For $k(s)\geq0$ and $\delta\geq0$, show that the inequality $$ \delta+\delta\int_{\tau}^{t}k(s)\exp\biggl(\int_{\tau}^{t}k(r)dr\biggl)ds\leq \delta\exp\biggl(\int_{\tau}^{t}k(s)ds\biggl)$$ holds.
If you have to know I was trying to show some Gronwall type inequality. In doing so I arrived at the above inequality.

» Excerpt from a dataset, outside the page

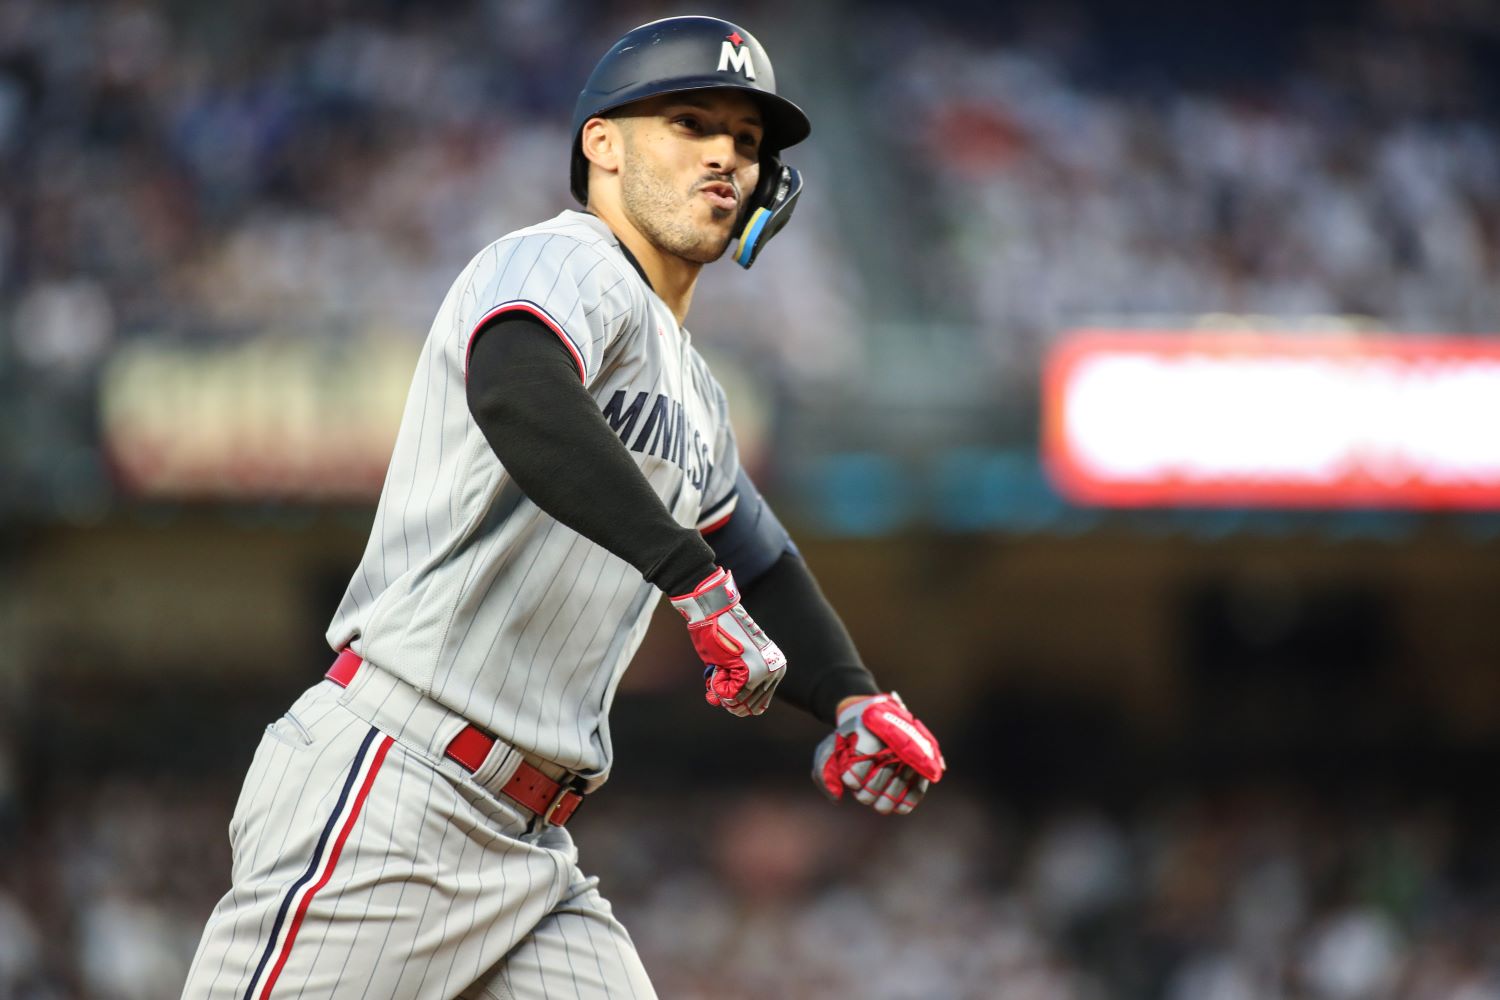 MLB TV viewers left in shock at 'embarrassing' Giancarlo Stanton

Edit: Here is the exact question
On
If as I suspect the inner integral is between $\tau$ and $s$, the inequality is in fact an equality. Observe that $$ k(s)\exp\Bigl(\int_{\tau}^{s}k(r)dr\Bigl)=\frac{d}{ds}\exp\Bigl(\int_{\tau}^{s}k(r)\,dr\Bigr). $$
The inequalities in the Edit are difficult to follow, since there are no limits of integration, but the first inequality seems wrong to me: since $k\ge0$, $\exp(\int k(r)\,dr)\ge1$ (unless the lower limit is grater that the upper limit.)
I don't think this inequality is always true.
I don't see the purpose of $\delta$, you can divide through by it.
Let $A=\int_T^tk(x)dx$. Then your inequality becomes:
$$1+e^A\int_T^tk(s)ds\leq e^A$$
$$1+Ae^A\leq e^A$$
$$e^{-A}+A\leq1$$
which is clearly not true for all $A>0$.